Your task is to write out every line of the data exactly. Drop the pictures.

— INFORMATION SUPPLIED —
-=-=-
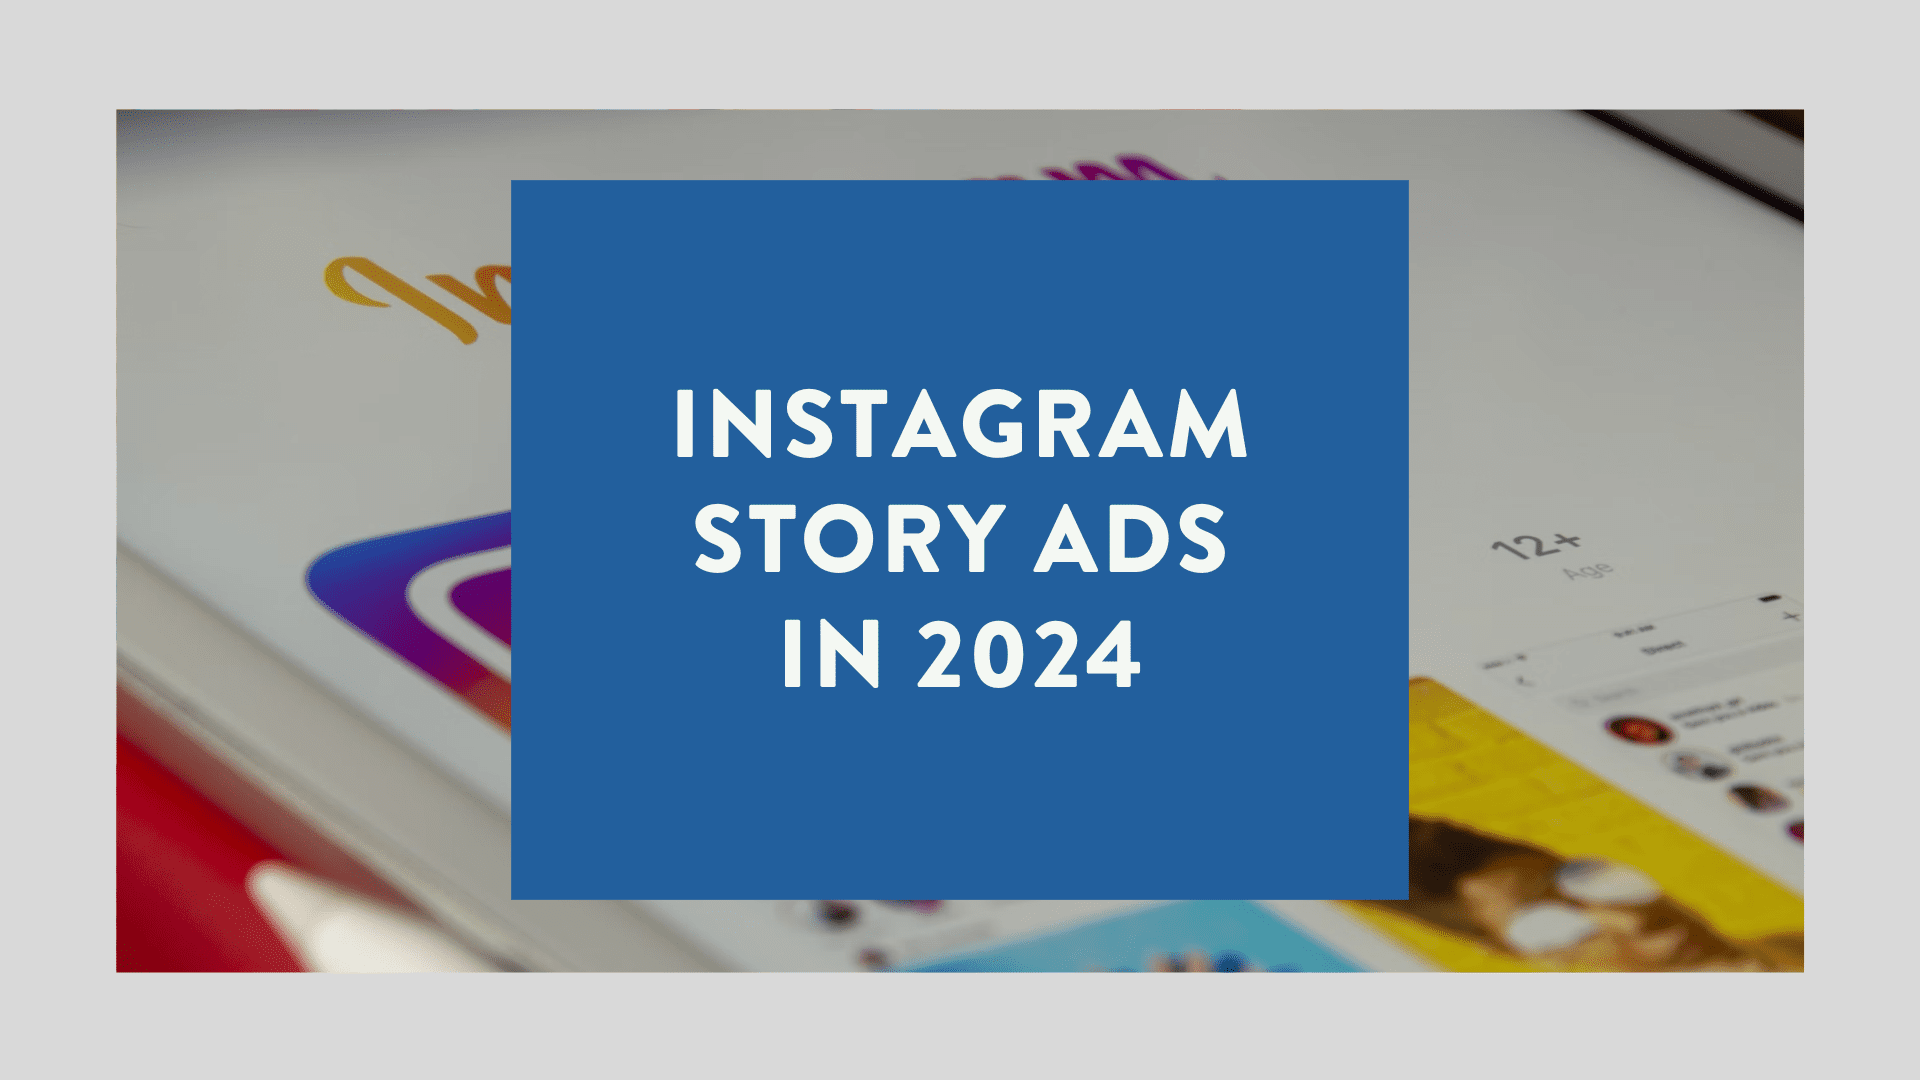 Instagram story ads in 2024
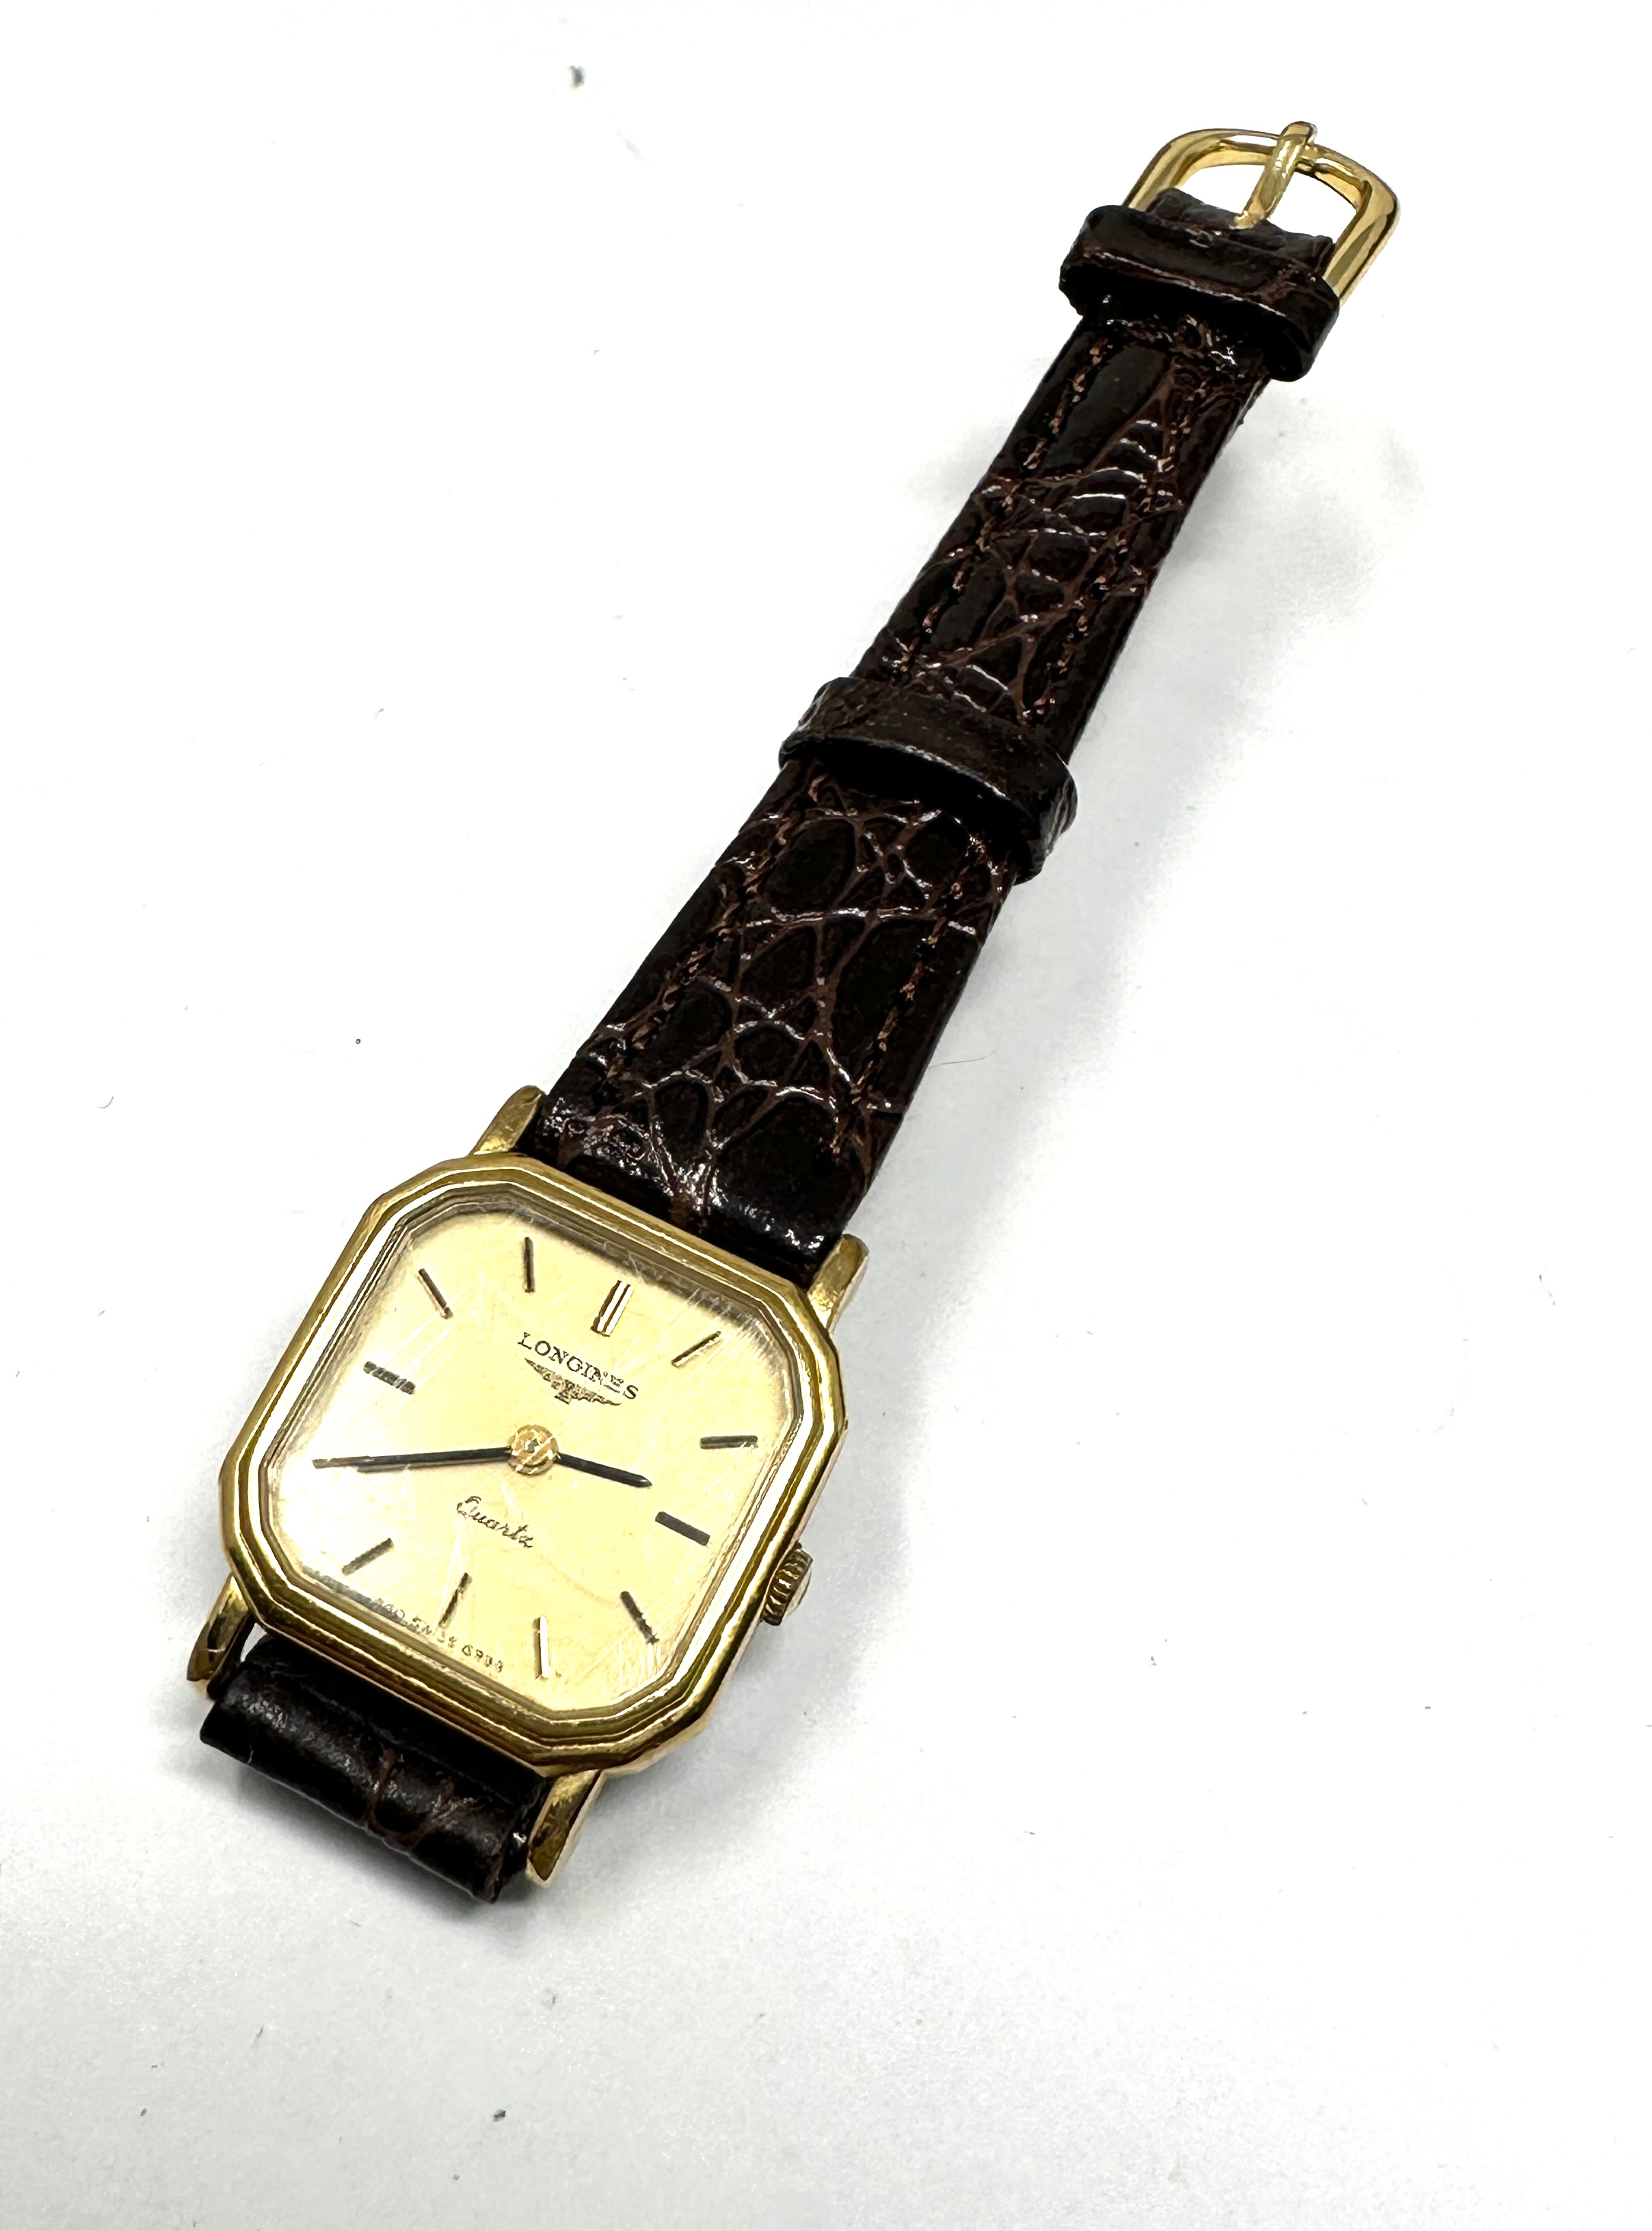 Ladies Longines quartz wristwatch the watch is not ticking
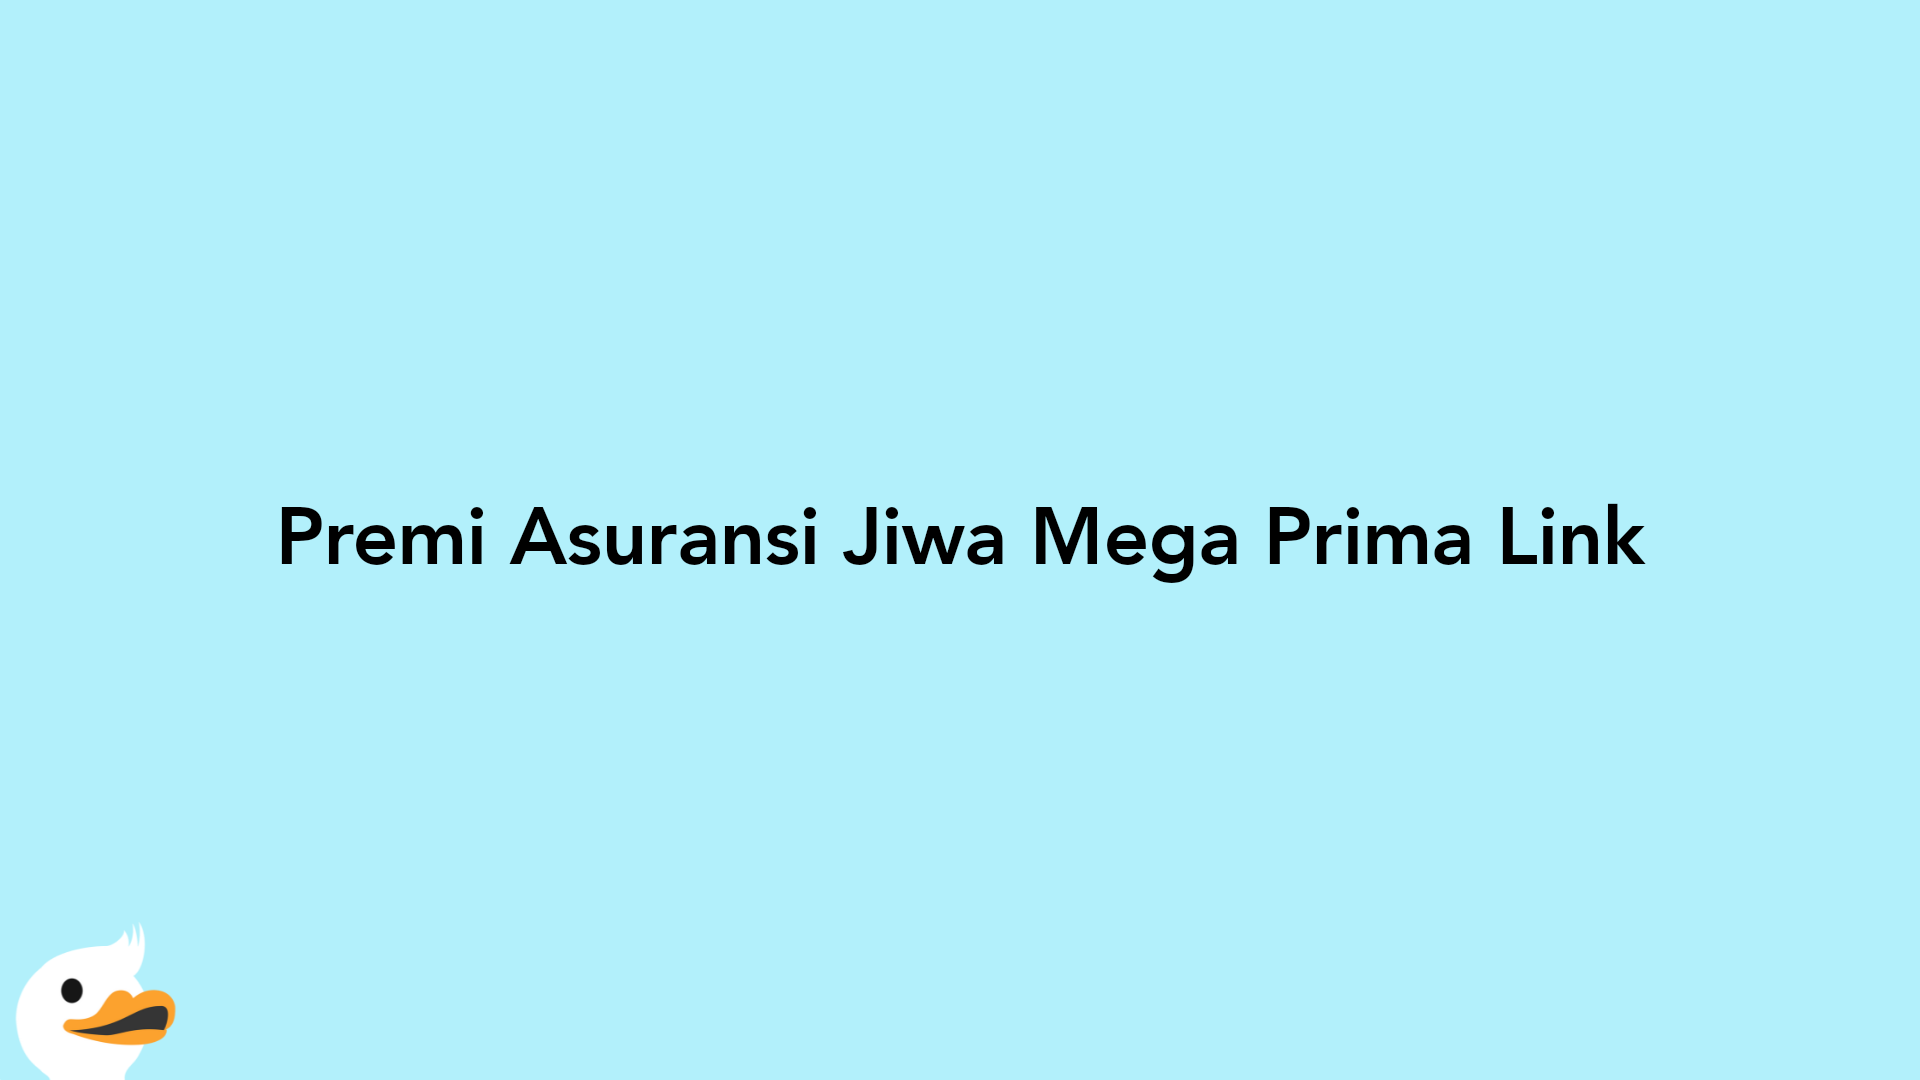 Premi Asuransi Jiwa Mega Prima Link
-=-=-
— ANSWER TO THE EXERCISE —
 Instagram story ads in 2024
 Ladies Longines quartz wristwatch the watch is not ticking
 Premi Asuransi Jiwa Mega Prima Link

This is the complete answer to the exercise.